Synchronizing reconfiguration of coherent functions on disaggregated FPGA resources

Qianqiao Chen†*, Vaibhawa Mishra*, Jose Nunez-Yanez†, Georgios Zervas*
*University College London, London, UK
†University of Bristol, Bristol, UK
\{qianqiao.chen, vaibhawa.mishra, georgios.zervas\}@ucl.ac.uk
\{qianqiao.chen, j.l.nunez-yanez\}@bristol.ac.uk

Abstract—With the evolution of cloud computing, FPGAs are involved in the data centers thanks to their high performance and logic reconfigurable features. To efficiently make use of data center resources, recent rack scale architecture tends to disaggregate data center resources. This paper proposes the Synchronizing Network wide Function Reconfiguration (SNFR) protocol that aims to synchronize the reconfiguration of coherent functions on disaggregated FPGA resources deployed across the network. The associated protocol processor is implemented. The synchronized reconfiguration is captured by the Xilinx debug core and network traffic analyzer. The experimental section shows that the protocol processor can support maximum 9 Gbps traffic and introduces additional latency ranged from from 0.1 µs to 0.21 µs.

I. INTRODUCTION

Cloud computing has become a significant part of our daily lives, thanks to its Internet-scale services, such as web search engine and e-mail. Data centers have been established to support the rapidly growing cloud computing services. Common data center infrastructures include a number of servers interconnected by a network. To efficiently make use of data center resources, recent rack scale architectures propose to disaggregate computing resources [1]. The resource disaggregation suggests that each server main board contains only a unique type of computing resource. When interconnected by the network, these servers along with its associated resources can be as a single logical hardware platform to support cloud applications.

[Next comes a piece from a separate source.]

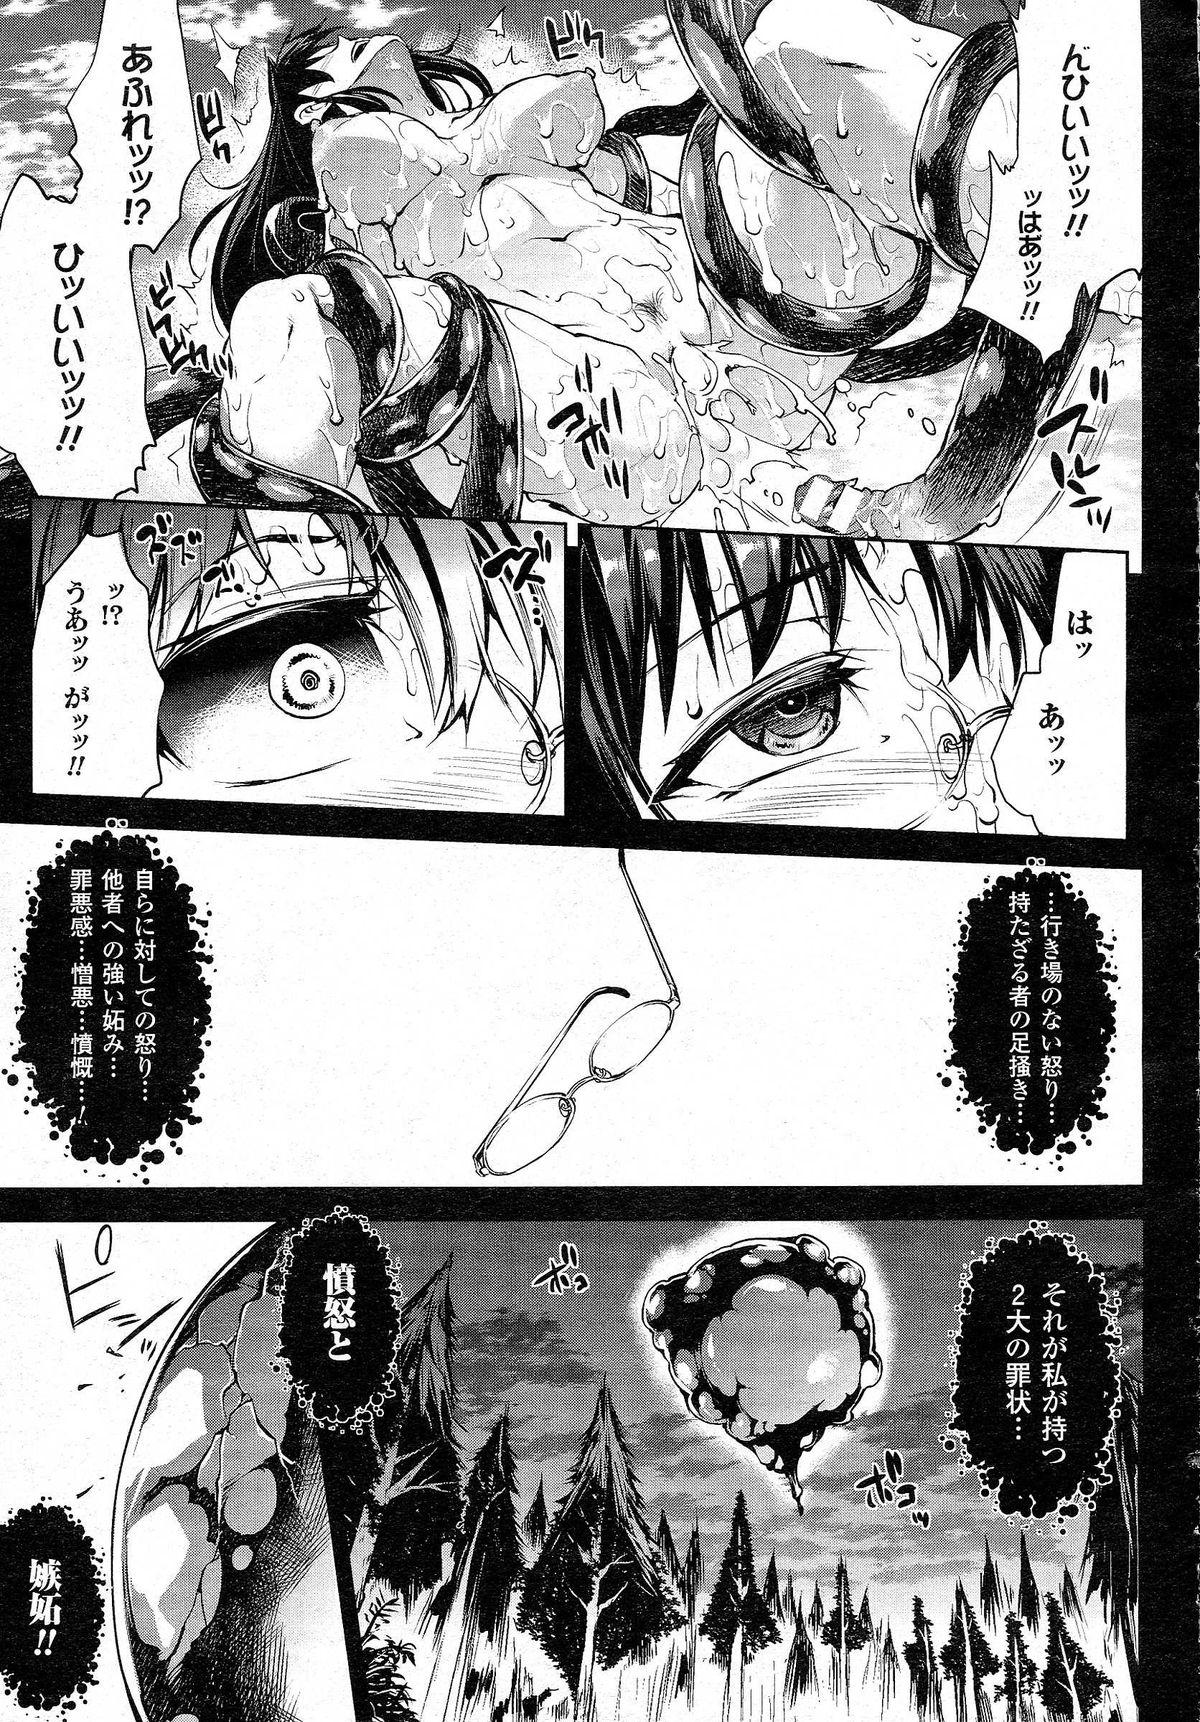 Pov Blowjob [Erect Sawaru] Shinkyoku no Grimoire -PANDRA saga 2nd story- CH 13-20 Lez - Page 11
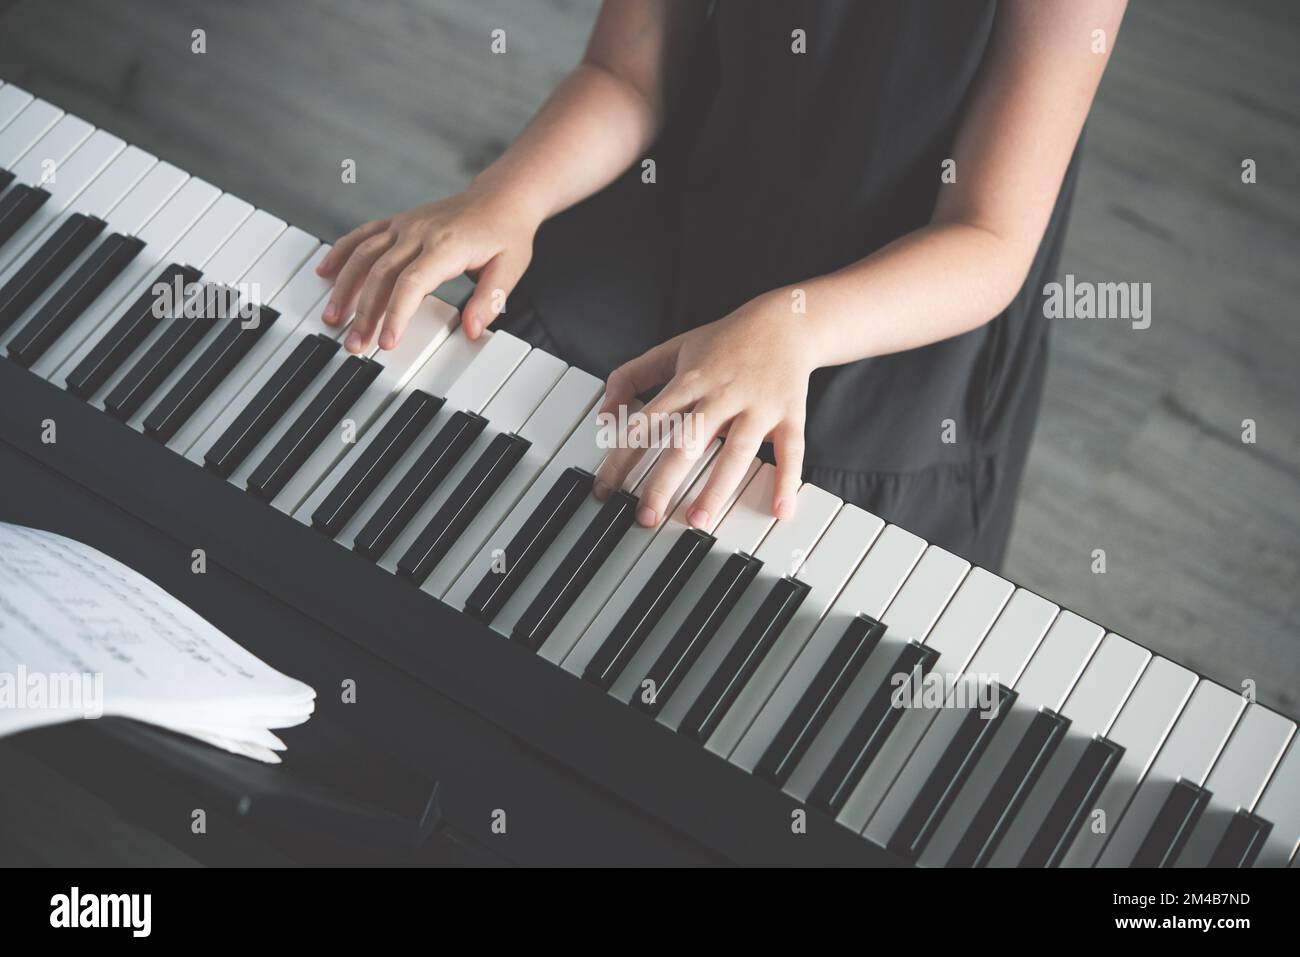 Le concept de développement des activités des enfants. Une fille dans une robe grise joue un piano électronique. Sans face. Vue de dessus et teinte de l'image Banque D'Images

Due to the feature of parallel processing and reconfiguration, FPGA usually performs as a programmable accelerator alongside the processor. Recent FPGA technologies such as high-level synthesis and partial reconfiguration require more FPGA resources in the high performance computing. Frameworks have been proposed to manage the FPGA resources in the traditional data center [2]. As a next step, the FPGA resources can also be directly attached to the network and become disaggregated resources in data centers. However, real-time reconfiguration of coherent functions; functions that are highly related to each other, for example, encoder/decoder and compressor/decompressor, on disaggregated FPGA resources becomes a big challenge, because propagating reconfiguration requests to multiple FPGAs through network is hard to synchronize due to the unpredictable network latency.

This paper proposes a method to enable synchronized reconfiguration of coherent functions on network-attached disaggregated FPGA resources. The main contributions of this paper are:

- A network protocol named Synchronization of Network wide Function Reconfiguration (SNFR) is proposed. The SNFR packets are able to carry information for the reconfiguration of multiple network-attached FPGAs.
- The processor for the SNFR protocol is implemented. It is able to perform seamless function reconfiguration on disaggregated FPGA resources.

A reconfiguration process over 10 Gbps Ethernet traffic has been demonstrated. The reconfiguration is captured by Xilinx debug core and traffic analyzer. The influence of the proposed SNFR protocol processor on the latency is measured. The protocol processor is able to support total of 9 Gbps traffic (out of which 8.1 Gbps correspond to regular data flows and 0.9 Gbps represent SNFR flows).

The rest of the paper is organized as follows: Section II introduces the related work about the disaggregation and reconfiguration of FPGA resources in data centers. Section III motivates the synchronization of coherent function reconfiguration on disaggregated FPGA resources. The proposed SNFR protocol and the associated protocol processor are introduced in section IV. The proposed reconfiguration method is demonstrated in section V. Section VI concludes this paper.

II. BACKGROUND

With the evolution of cloud computing, FPGAs get more involved in high performance computing due to its high performance and logic configurable architecture. Researchers in [3] [4] propose to integrate the FPGA resource management with existing data center resource manager. Moreover, high level synthesis is suggested in [5] to bridge the FPGA design with software data center controller and further reduce the deployment and design complexity. FPGA resource disaggregation has also been suggested in [6]. By attaching FPGAs directly to the network, J. Weerasinghe et al enables the deployment of large-scale independent FPGA resources in the data center [6].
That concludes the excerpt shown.